The current lease with New Era Field is set to expire in 2023, giving the Pegulas around five years to figure out a plan of attack for what they want to do.
Joe B's Take
Last March, after Terry Pegula was quick and eager to downplay the talk of a new stadium, it made sense from a business sense. While they needed to keep an eye on what to do in the future, they were still in the first half of a lease in which public funding helped them make millions of dollars of renovations to New Era Field.
There was a clear notion, and really, good business sense to not try to upset and bite the hand that fed them, so to speak, in thinking that they were just going to publicly position themselves to ask for even more funding to work on a new stadium.

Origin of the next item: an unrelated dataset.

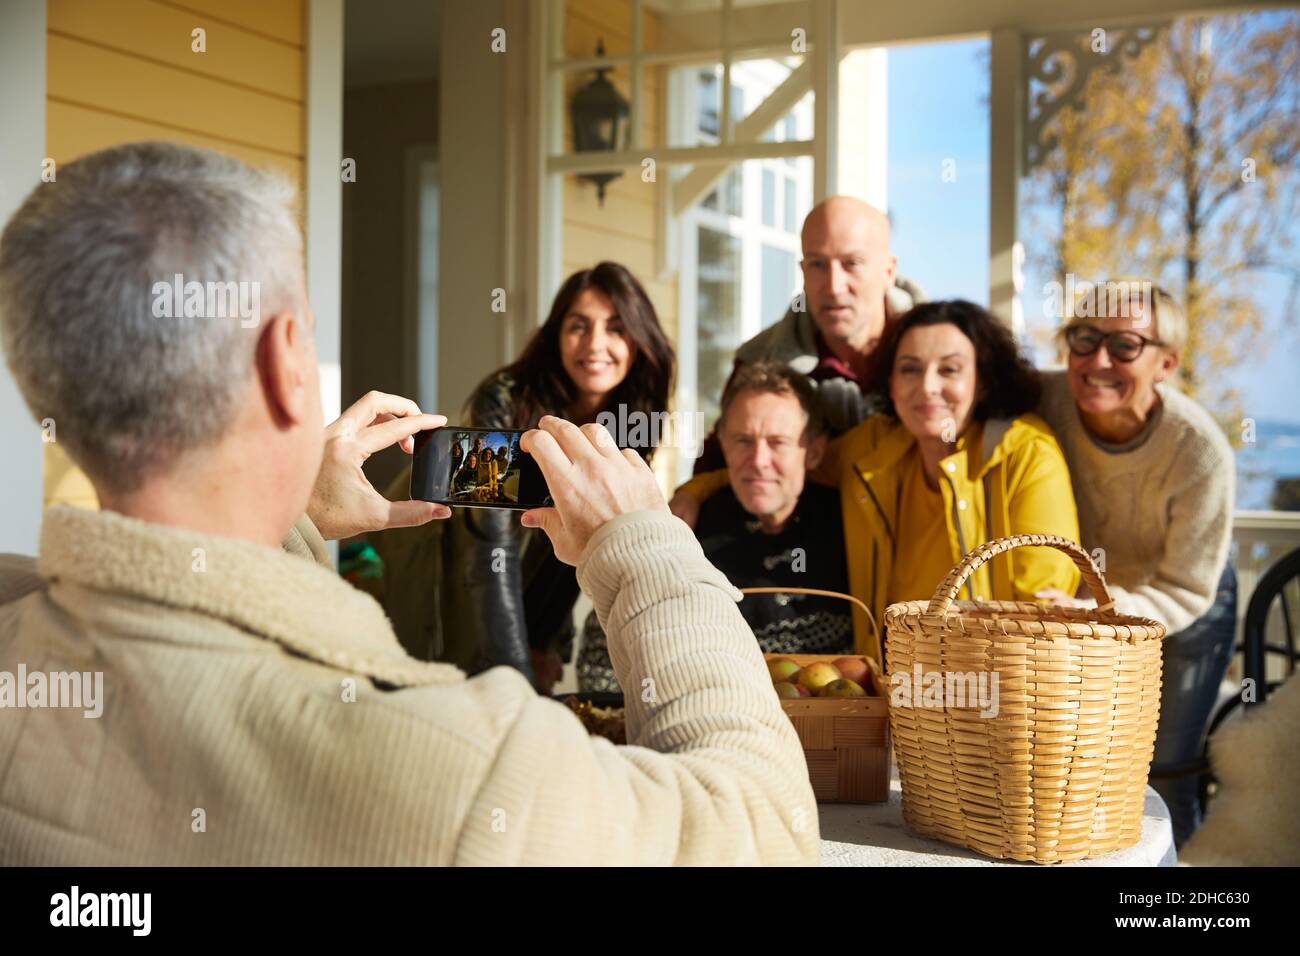 Reifer Mann fotografiert Freunde mit Smartphone auf der Veranda Stockfoto

However, we are now at the halfway point of the lease. With the expiration set for 2023, if the Pegulas are intent on building a new facility, the time and energy needs to be put into those efforts well ahead of the time of expiration to have it built and operational either by the time the lease is done, or shortly after with a quick short-term renegotiation to stay there while a new stadium is being built.
In regards to a new facility -- and whether or not the Bills will actually build one, I will always go back to when Terry and Kim Pegula were ratified by the NFL as the team's new owners in October of 2014. Most every single other owner that came out and met with the media during those meetings insinuated that they had an eventual plan to build a new stadium in Buffalo.
The year 2023, and the end of the lease with the current stadium, is now on the horizon. With little comments from both Goodell, and even Pegula this year just based on how the tone from last year has changed, the speculation will continue to ramp up as the days, months, and years pass by.